Она старалась казаться храброй и сильной, но у нее ничего не получалось:

— Я пообещаю тебе все, о чем ты попросишь.

— Тогда найди себе любящего мужа, который будет тебя беречь, холить, и лелеять и подарит много детей, которых ты будешь любить.

Авриль подняла на него взор, затуманенный слезами.

— Но мой муж — ты, — прошептала она. — Ты, Хок Вэлбренд, мой муж.

Хок закрыл глаза, сжал зубы так, что вокруг рта обозначились глубокие морщины, и опустил голову. Авриль протянула руку, притронулась к его щеке и ощутила под пальцами влагу.

— Это не должно было случиться, маленькая моя валькирия, — сказал он, проклиная злую судьбу. — Но боги оказались слишком жестоки.

Авриль протестующе затрясла головой, она не могла в это поверить.

— Нет, Бог не хочет, чтобы мы жили без любви — воскликнула, она, гладя его по щеке. — Именно любовь составляет смысл жизни и делает се бесценной независимо от того, долгий срок отпущен человеку или… — последние слова потонули в рыданиях, — или всего несколько дней.

Хок крепче обнял ее за плечи, а она отчаянно прильнула к нему и зарылась лицом в его плечо. Мысль была невыносимо мучительна: всего несколько дней! Как несправедливо, что судьба дарит им лишь два последних дня, которые предстоит провести в открытом море, на холоде. И таким будет ее последнее воспоминание о нем.

Нет, она не хочет, чтобы это было ее последним воспоминанием о нем. Она не может навек расстаться с ним в тот самый миг, когда только начала по-настоящему узнавать его. Не может посмотреть на него в последний раз, в то время как еще по-настоящему не видела его, не знала, не любила.

И Авриль приняла решение. Теперь это оказалось удивительно просто. С бешено бьющимся сердцем она потянулась Хоку и поцеловала в губы.

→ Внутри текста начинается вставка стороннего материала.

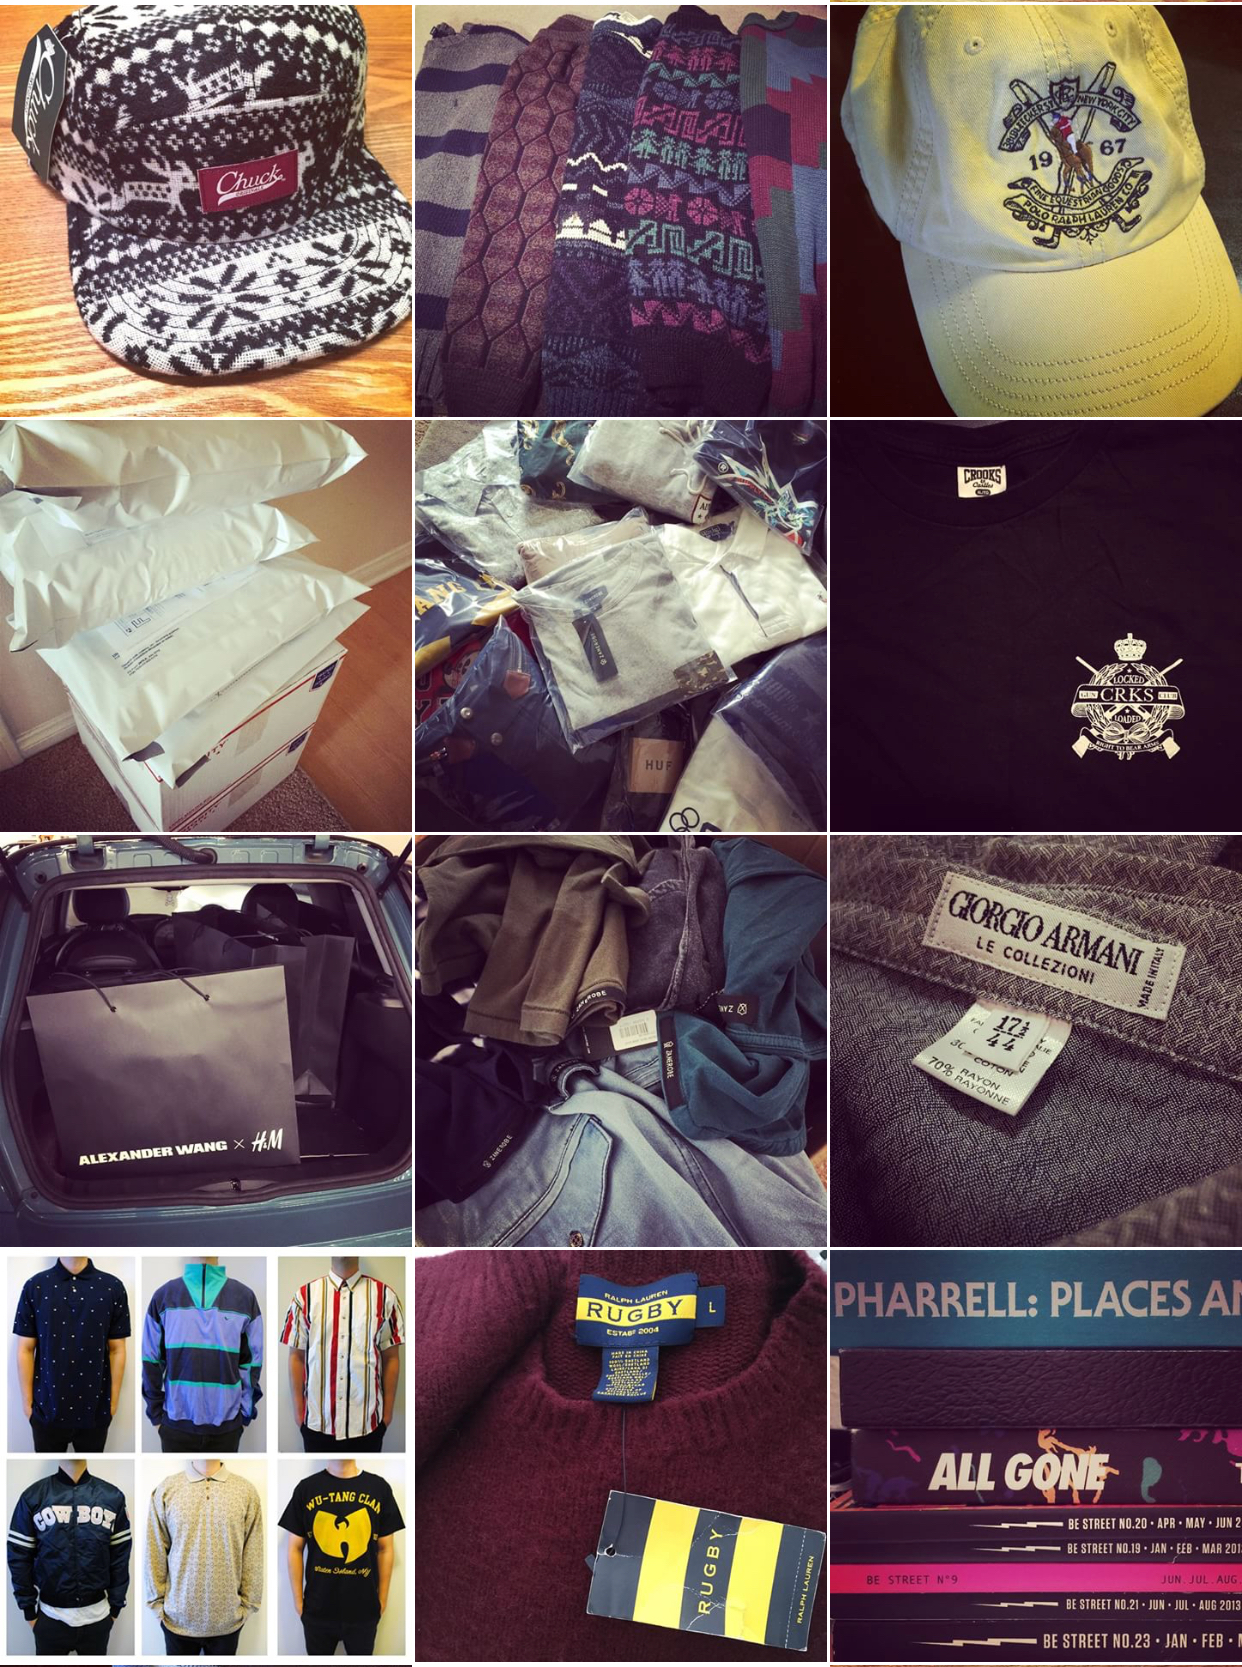 Instagram (@goodlookinout) feed from 2014.

Они не сказали больше ни слова — их губы слились бесконечно долгом поцелуе. Авриль провела пальцами по его груди, по ребрам и почувствовала, как все напряглось у него внутри, как отвердели под ее руками его мускулы. Стон сорвался с его губ — стон, исполненный муки и страстного желания. Он быстро, на ощупь закрепил руль.

А потом они опустились на палубу, и в мире остались лишь твердые доски, покрытые мягким меховым плащом, — снизу, звезды на небе, уже уступающие дорогу утру, — сверху, а между ними — их томительная жажда друг друга. Безумство страсти и нежной любви. Авриль желала полностью раствориться в нем, отдаться ему целиком — пусть даже им отпущен всего лишь короткий миг счастья. Один последний, вечный миг.

Руки Хока скользнули под одежду и нащупали мягкое, податливое тело Авриль, глаза — небесно-голубые глаза, которые она видела во сне, — потемнели от страсти.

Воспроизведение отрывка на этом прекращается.